A Platform for Openness
We want to always maintain a platform for openness in our relationship so neither of us are afraid to be honest. If we freak out before they even start, we can almost guarantee they’ll not try again. That means being aware of a few things:
- Pray before they start, whether in your own head or with them.
- Listen (James 1:19). Don’t say anything. If the truth rocks you emotionally, refrain from either anger or blurting out, “I forgive you.” Both reactions are based in fear. (We should forgive them if they’ve sinned against us, but we should also mean it – Matthew 6:14-15)

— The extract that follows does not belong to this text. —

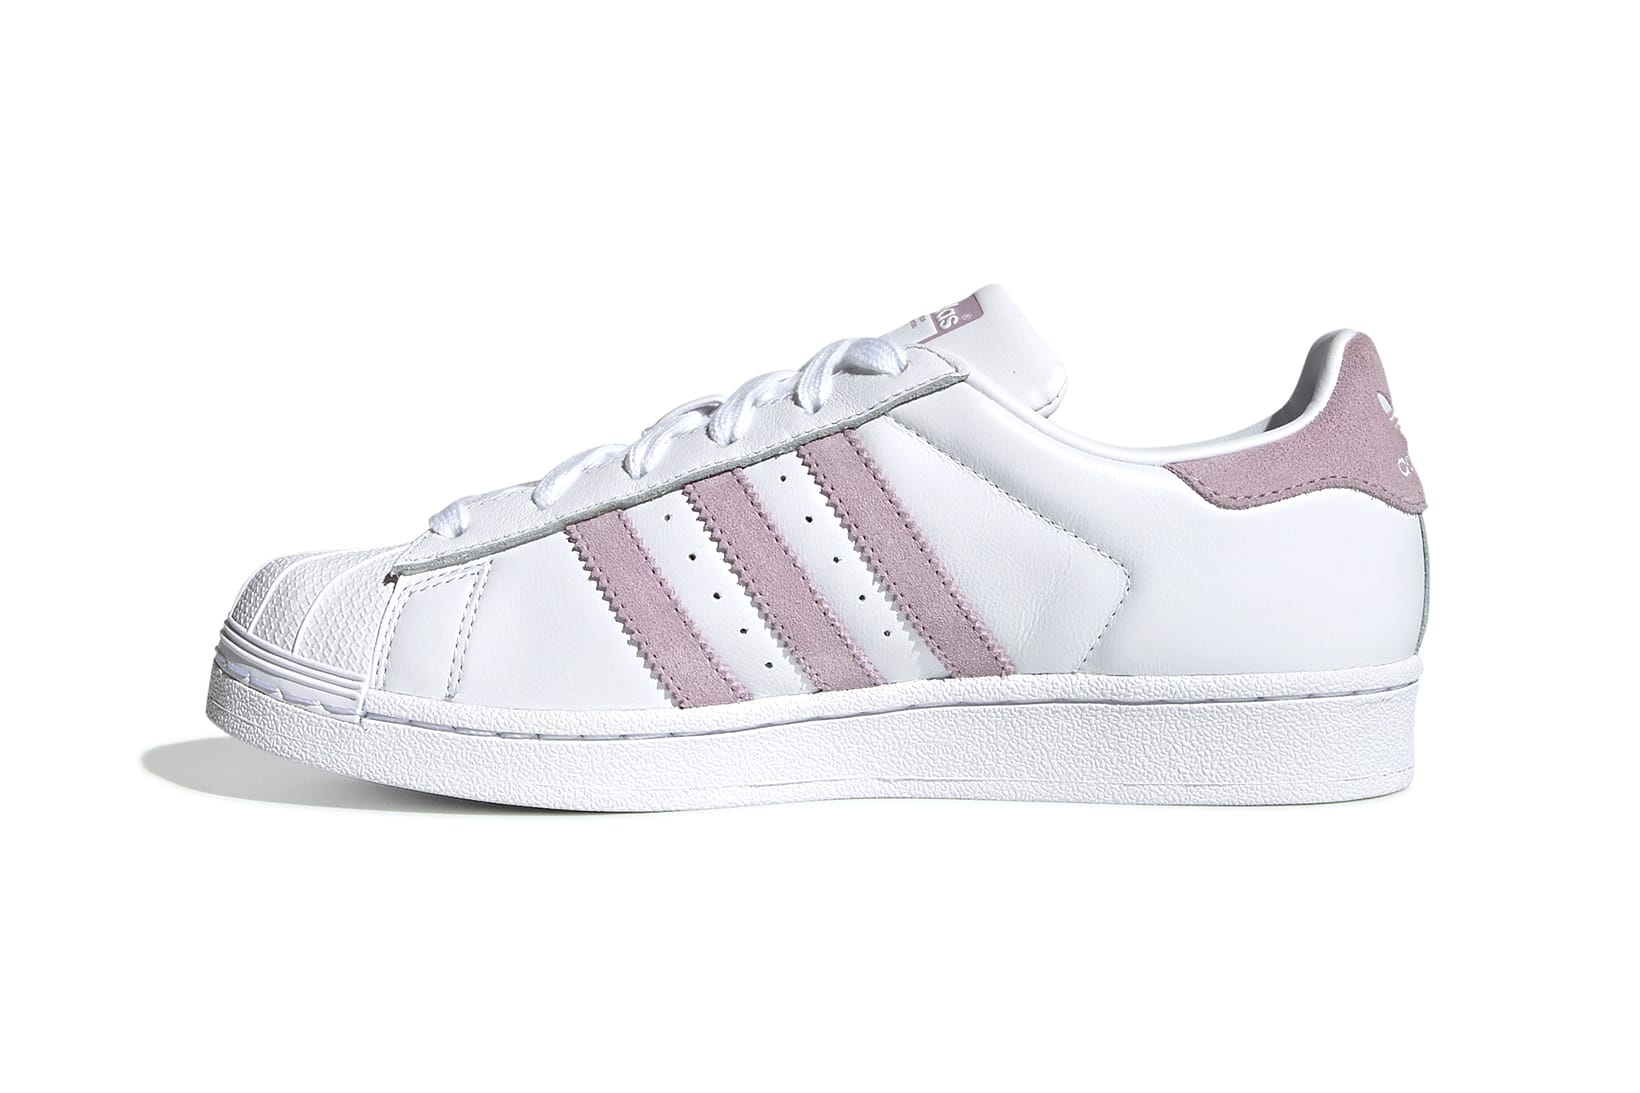 black adidas shoes with pink stripes
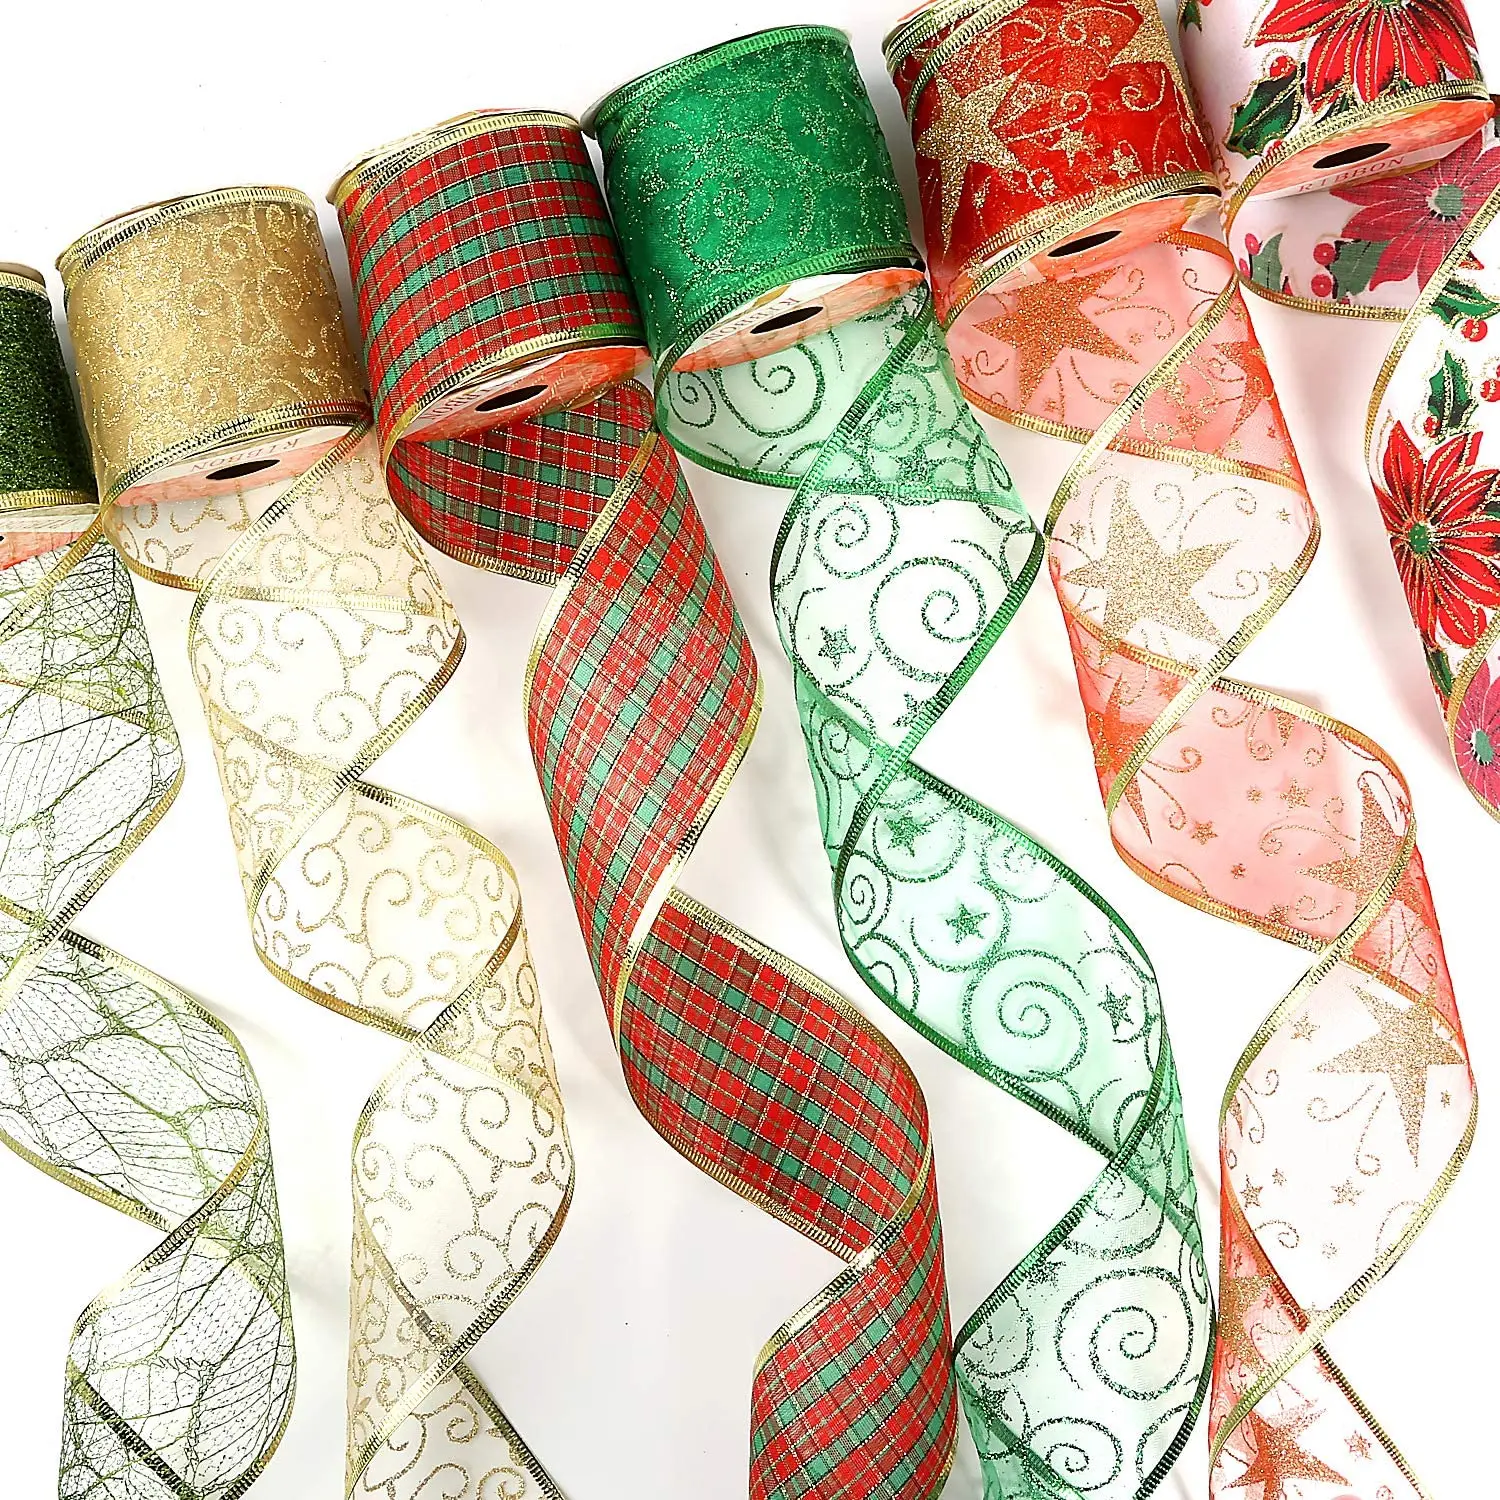 BS Pack and sell Christmas Wired Ribbon Assorted Plaid Sparkling Decorations Wired Sheer Glitter Tulle Ribbon 36 Yards

- Once they’re done, ask them, “Is there anything else?” Give them the opportunity to come completely clean.
- Say “Thank you for telling me the truth.” Again, we’re trying to create an atmosphere where truth is welcome.
If you’re world did implode, you’ll probably need others to help you work through this, so tell them this. Also, ask for the option to ask additional questions later after you’ve had time to digest what they’ve shared.
Before You Part
If it’s possible to plan a time to get together with other spiritual people that can help you both work through this biblically, schedule a time before you walk away from each other.
Otherwise, pray again and commit to God and each other to get unified as soon as possible. Then, walk away. Go pray some more. Maybe a lot more. If the person was sharing their sin, do not share it with anyone not directly involved in resolving the situation; that’s called gossip (Proverbs 11:13).
The Hardest Person to Tell the Truth
While Ancient Greek playwrights, philosophers, and historians promoted the teaching to “know thyself,” the prophet Jeremiah declared it was impossible to know ourselves because of how self-deceiving we are (Jeremiah 17:9). And history has shown people—even ones calling themselves Christians—can justify the most heinous sin.
This is why it is imperative when speaking truth, we start with being honest with ourselves, letting God expose the darkest corners of our heart and mind with his Word (Hebrews 4:13) so we start thinking and living like Jesus.
But trading our personal illusion in for God’s reality is not a solo endeavor. Just like the hands need the feet and the ears need the eyes, we need our brothers and sisters in Christ to help us see ourselves clearly (1 Corinthians 12:21-26). If we could live successfully as an island, God would have put us down here one at a time. Instead, he gave us families, churches, and communities.
Loving the Truth
If we don’t retain a love for the truth, we’ll easily be led astray. Further, we’ll lose our ability to discern it when it’s right in front of us (2 Thessalonians 2:11).
It all comes down to us choosing to love the truth regardless of the consequences. No relationship, job, circumstance, or idea is worth scarring our conscience or shipwrecking our faith (1 Timothy 1:19).
Jesus never compromised the truth, and neither should we.
Check your Truth Gauge
Let’s gauge your love for the truth! Read each set of statements below. Which color do you most identify with? Read the healthy actions you should take in response.
For Deeper Study
Not loving the truth becomes a downward spiral and impacts your family for generations. To develop a deeper conviction about how deceit impacts your children and your children’s children, read about Abraham, Isaac, and Jacob and his twelve sons.
- Abraham lies about Sarah – Genesis 12:10-20; 20:1-18
- Isaac lies about Rebekah – Genesis 26:1-11
- Rebekah & Jacob deceive Isaac – Genesis 27
- Laban deceives Jacob / Jacob deceives Laban – Genesis 29:16-30; 30:25-43
- Simeon and Levi deceive and murder their neighbors – Genesis 34
- The sons of Jacob sell their brother, Joseph, into slavery – Genesis 37:12-36
Search me, O God, and know my heart; test me and now my anxious thoughts. See if there is any offensive way in me, and lead me in the way everlasting (Psalm 139:23-24).